И правда, Сталин там тоже молодой, с только что проступившими щеточкой усами, и улыбается. Потом пришли из-за угла новички – тоже знакомые. И они ведь поначалу не понимали, где оказались. У них на лицах были еще признаки гнева, но вскоре они рассеялись.

– Жаль, что мы сразу здесь не рождаемся, на том свете, – сказала я, – а если бы мы здесь рождались, в нас кипели бы все соки и гнева было бы здесь не меньше. А любовь – можно здесь влюбиться?

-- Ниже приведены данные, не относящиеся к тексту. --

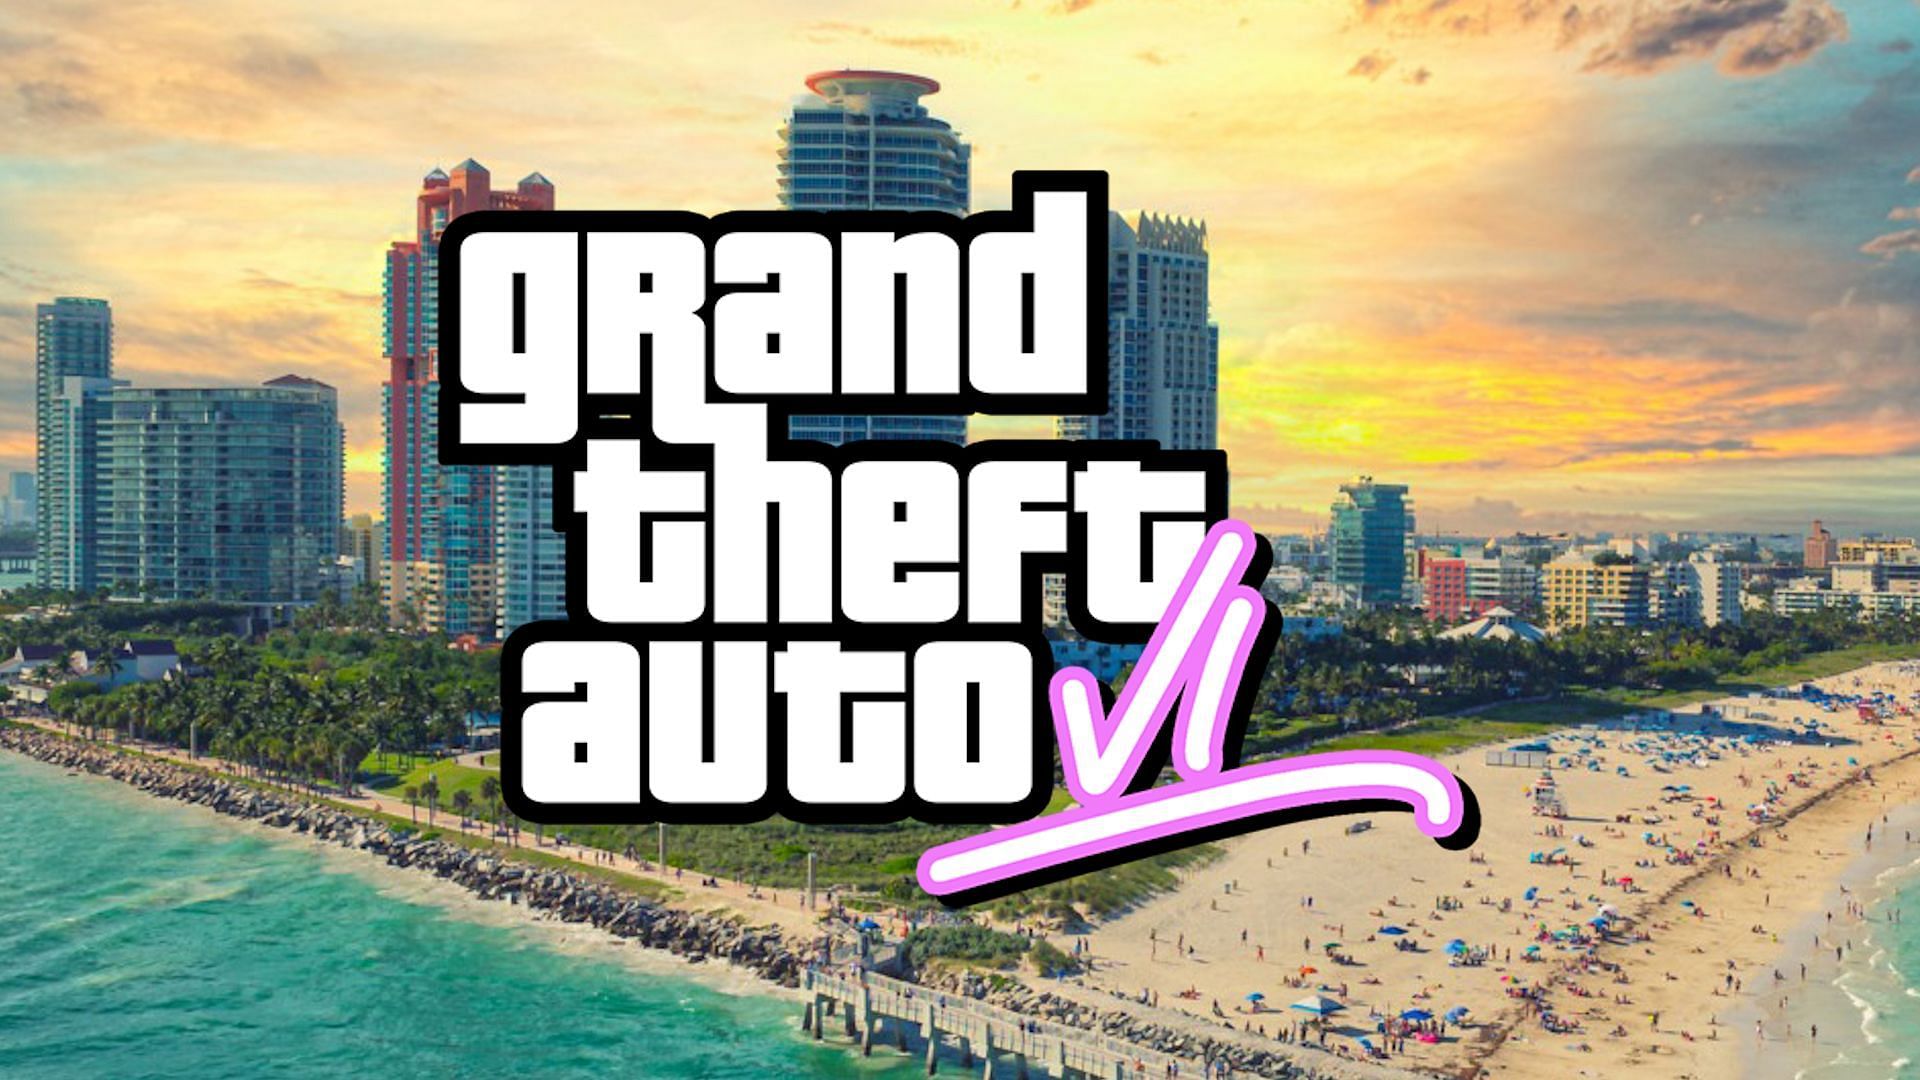 Vice City is an obvious gameplay feature of note, but there are other leaks to address

– Нет, разумеется, не в том смысле. Но мы здесь и так все по уши влюблены. И влюблены мы все друг в друга.

– А если я захочу отсюда вон?

– Тогда ты просто уснешь.

И мне понравилось на том свете, в городке из ракушечника, и больше уже никогда не хотелось оттуда вон.

Голубой кулак

Тогда на Десне как-то прямо с утра моя мать решила пугать меня Богом и прилаживать Его к моему воспитанию. Был солнечный день. Мы сидели на берегу, от воды поднимался запах прели. Обычно я играла с другими детьми, строя башни из речного песка. Вокруг нас жужжал совет матерей, и мы – дети – ринулись в воду. Ну и весело же мы там плескались. И луга, и деревья, и небо вокруг нас говорили о том, что мир круглый и звонкий, как мяч, что бедность, одиночество, старость и незнакомые преступные мужчины с карманами, полными леденцов, о которых говорят взрослые, – лишь средство для нашего воспитания. А брызги воды только и звенели, как цимбалы на деревенской свадьбе.